Northern Blot Analysis and Ribonuclease Protection Assay-- After 48 h culture with or without ethanol, cells were treated with or without 100 ng/ml LPS in DMEM/10% FBS, and total RNA were isolated with TRIzol reagent following the manufacturer's procedure (Invitrogen, Grand Island, NY). For Northern blot analysis, 10 µg of total RNA was electrophoresed through 1.2% agarose-formaldehyde gels, transferred to GeneScreen Plus membranes (PerkinElmer Life Sciences, Boston, MA) and UV-cross-linked. Based on previously published sequences, four antisense oligonucleotides corresponding to different regions of mature mRNA of murine TNF gene were designed as probes. They were: T1, 5'-TTGACCACAGCGCTGAGTTGGTCCCCCTTCTCCAGCTGGAAGACT-3'; T2, 5'-AAAGTAGACCTGCCCGGACTCCGCAAAGTCTAAGTACTT-3'; T3, 5'-GTGAGGAGCACGTAGTCGGGGCAGCCTTGTCCC-3'; T4, 5'-AGACATAGGCACCGCCTGGAGTTCTGGAAGCCCCCC-3'. The sequences of the probes for 18 S rRNA were 5'-ATGGCTTAATCTTTGAGACAAGCATATGCTACTGGCAGC-3' and 5'-TGCACGCATCCCCCCCCGGGAAGGGGGGTCAGCGCC-3'. Probes were end-labeled with [-³²P]ATP (PerkinElmer Life Sciences). The membranes were prehybridized with Church-Gilbert buffer at 55 °C for 2 h and then hybridized with the same buffer containing the probes overnight. For ribonuclease protection assays, mouse cytokine multiprobe DNA templates (BD PharMingen) and CAT-linearized DNA template (Promega) were used to synthesize in vitro transcribed antisense riboprobes. Ribonuclease protection assays were carried out according to the manufacturer's instructions (Ambion). Samples were then run on 5% sequencing gels, dried, and autoradiographed.
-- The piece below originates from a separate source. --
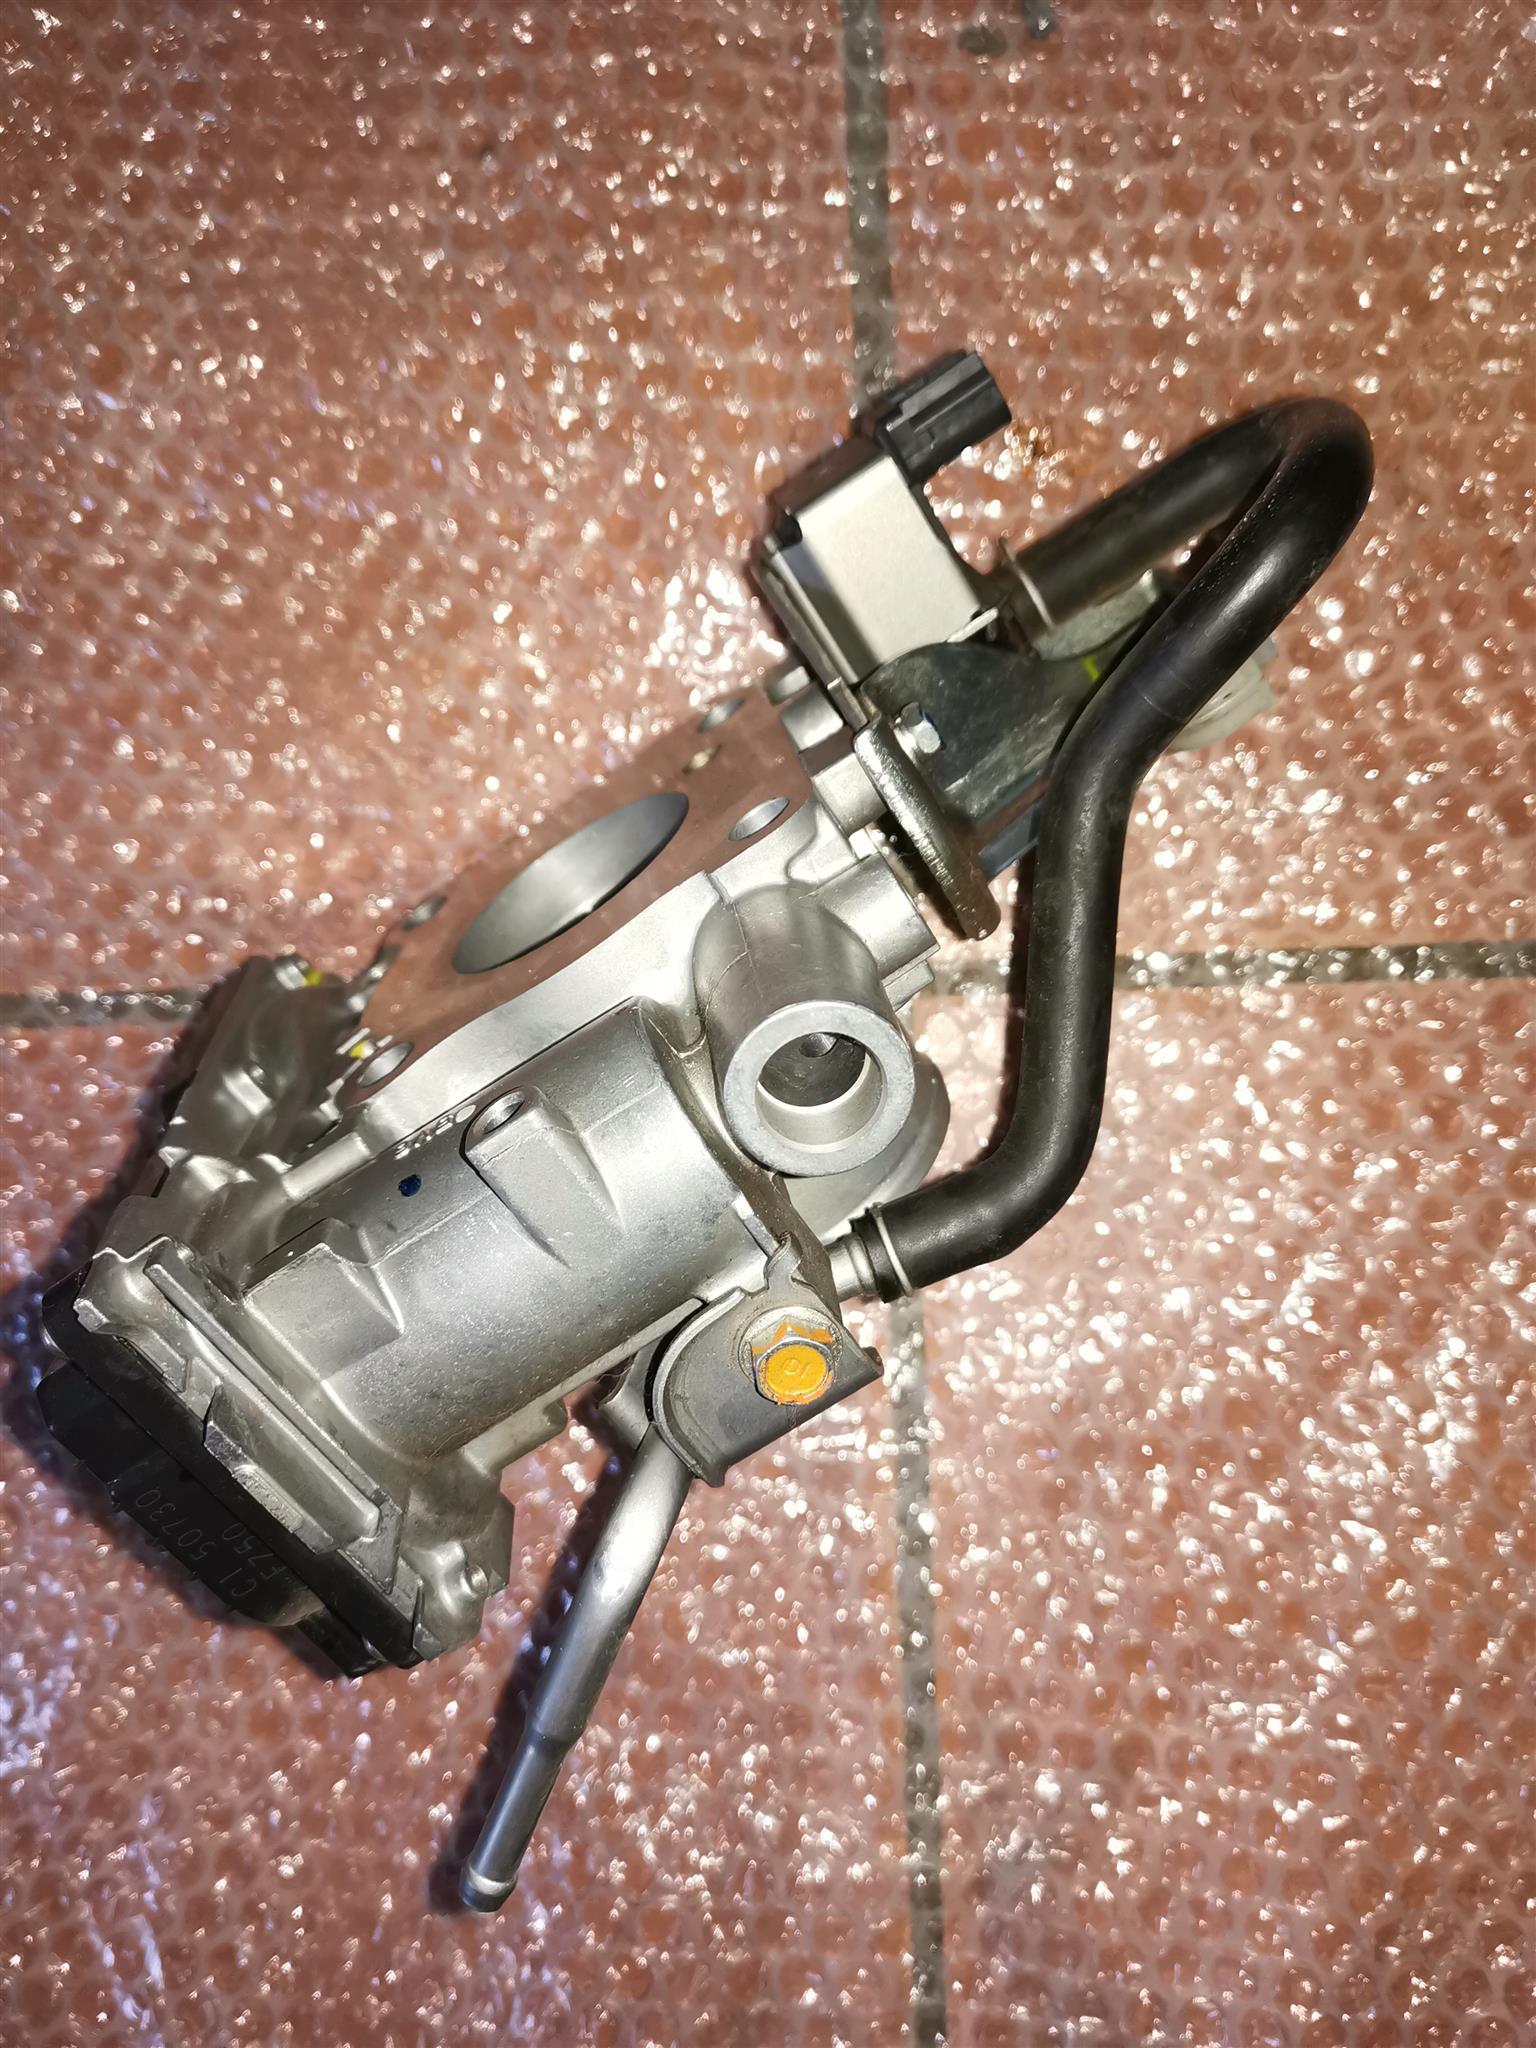 HONDA Brio 1.2L Electronic Throttle body Valve

ERK1/2 Activation-- After culture with or without 25 mM ethanol for 48 h, cells were washed once with 2 ml of DMEM/10% FBS. Cells were then treated with or without 100 ng/ml LPS in DMEM/10% FBS. At the end of each treatment, cells were moved to ice, washed with 2 ml of ice-cold phosphate-buffered saline buffer containing 1 mM sodium orthovanadate and 2 mM EDTA and then lysed in lysis buffer (20 mM Tris-HCl, pH 8, 1% Triton X-100, 100 mM NaCl, 2 mM EDTA, 1 mM sodium orthovanadate, 10 mM sodium pyrophosphate, and protease inhibitors (Complete, Roche Molecular Biochemicals, Indianapolis, IN)) for 30 min at 4 °C. Lysates were centrifuged at 14,000 × g for 15 min at 4 °C. 50-80 µg of protein were separated by SDS-PAGE, transferred to polyvinylidene difluoride and probed using anti-phospho ERK1/2 antibodies. Membranes were then stripped and reprobed with anti-ERK1/2 antibodies.
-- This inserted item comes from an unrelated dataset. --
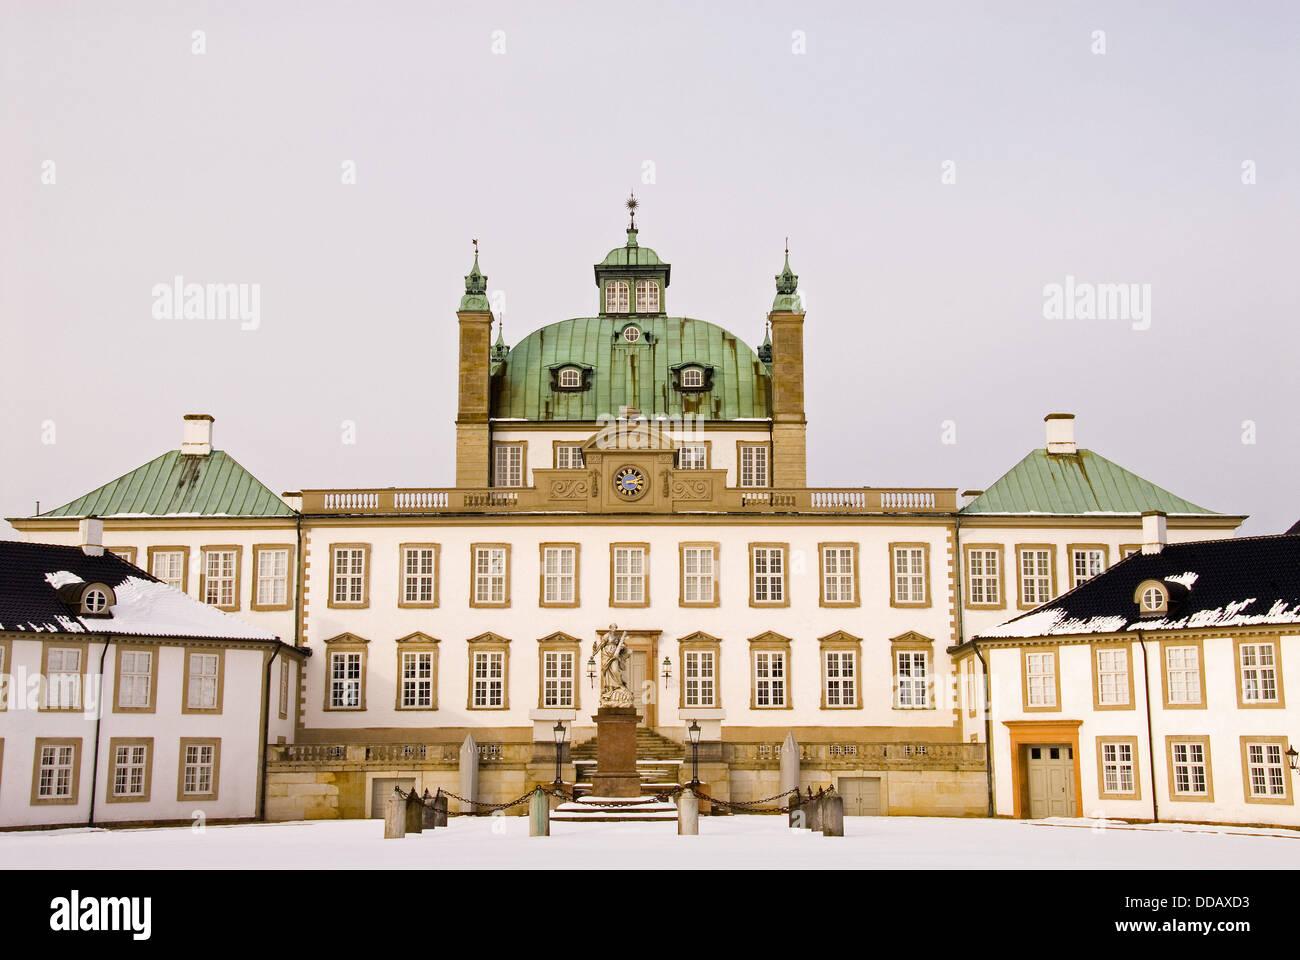 Fredensborg castle in Fredensborg Sealans, Denmark. Summer castle and summer residens to Her majesty Queen Margrethe - Stock Image

Nuclear Isolation and Extraction-- After culture with and without 25 mM ethanol for 48 h, nuclei were isolated and either extracted with 0.4 M NaCl (26) (high salt extract) or lysed in lysis buffer (total nuclear extract). After extraction, nuclei were centrifuged at 14,000 × g for 15 min, and the supernatants were used for Western blot analysis of Egr-1 and PU.1 expression (total nuclear extract) or electrophoretic mobility shift assay (EMSA) (high salt extract).
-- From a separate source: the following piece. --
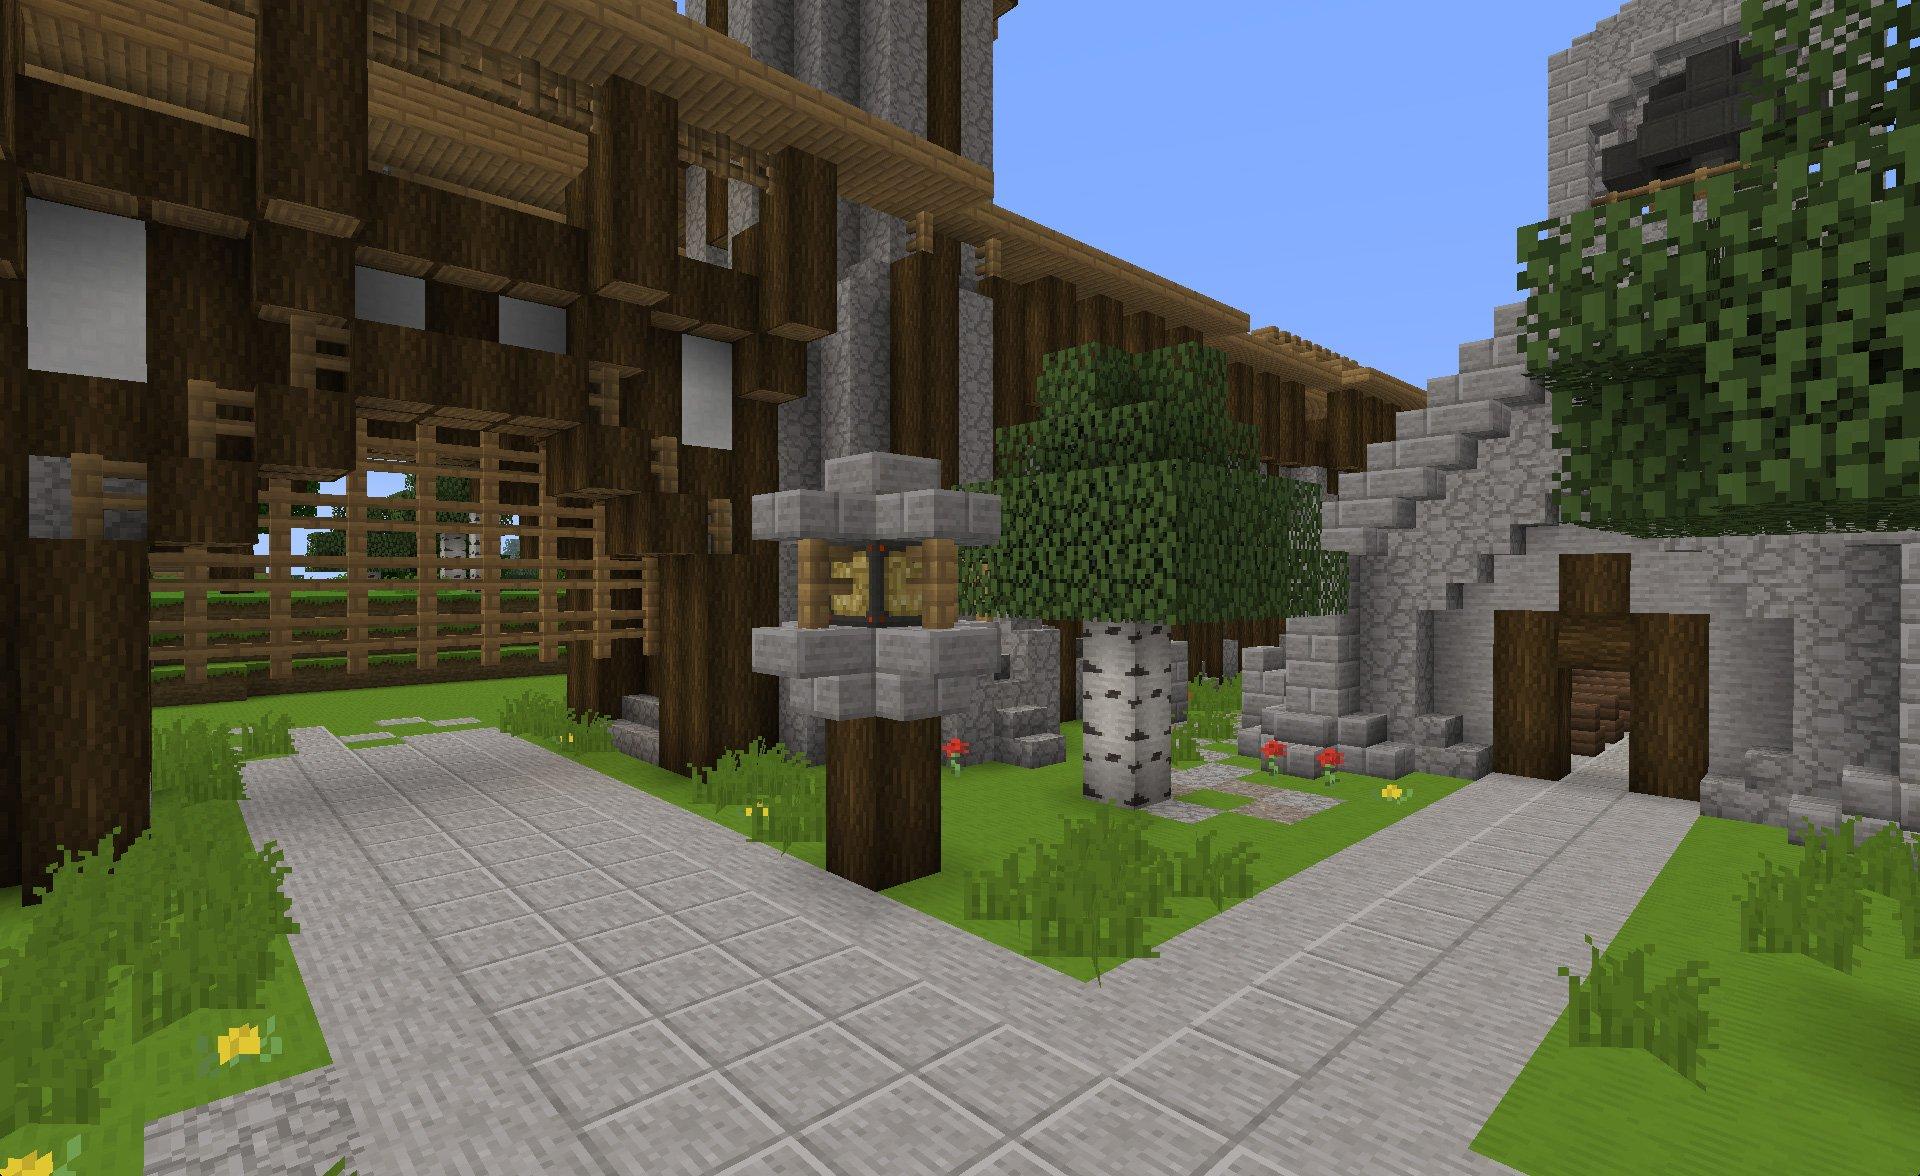 Xenocontendi | Minecraft Texture Packs

Electrophoretic Mobility Shift Assays-- An oligonucleotide corresponding to the Egr-1 binding site in the promoter region of murine TNF gene (5'-AACCCTCTGCCCCCGCGATGGAG-3') was used to measure the DNA binding activity of Egr-1. Oligonucleotides for the consensus NFB and AP-1 binding sites were used to assess NFB and AP-1 DNA binding activity, respectively. After annealing, the double-stranded oligonucleotides were end-labeled with [-³²P]ATP. 20,000-50,000 cpm of ³²P-labeled oligonucleotides were used in each binding reaction (20 µl), which contained 0.2 pmol of DNA probes, 3-5 µg of nuclear extracts and binding buffer (5% glycerol, 1 mM MgCl₂, 0.5 mM EDTA, 0.5 mM dithiothreitol, 50 mM NaCl, 10 mM Tris-HCl, pH 7.5, and 100 ng/ml poly(dI-dC)·poly(dI-dC)). After incubation on ice for 20 min, the mixtures were loaded onto 6% nondenaturing polyacrylamide gels pre-run with TBE (20 mM Tris base, pH 8.3, 20 mM boric acid, and 0.5 mM EDTA) buffer with 1% glycerol and 4 mM MgCl₂ at 120 V for 30 min. The gels were run at 120 V, dried, and autoradiographed. Equal loading of labeled oligonucleotide was confirmed by examining the density of unlabeled oligonucleotide at the bottom of each lane. Controls were run with increasing concentrations of unlabeled oligonucleotide to confirm the specificity of the gel shifts (data not shown).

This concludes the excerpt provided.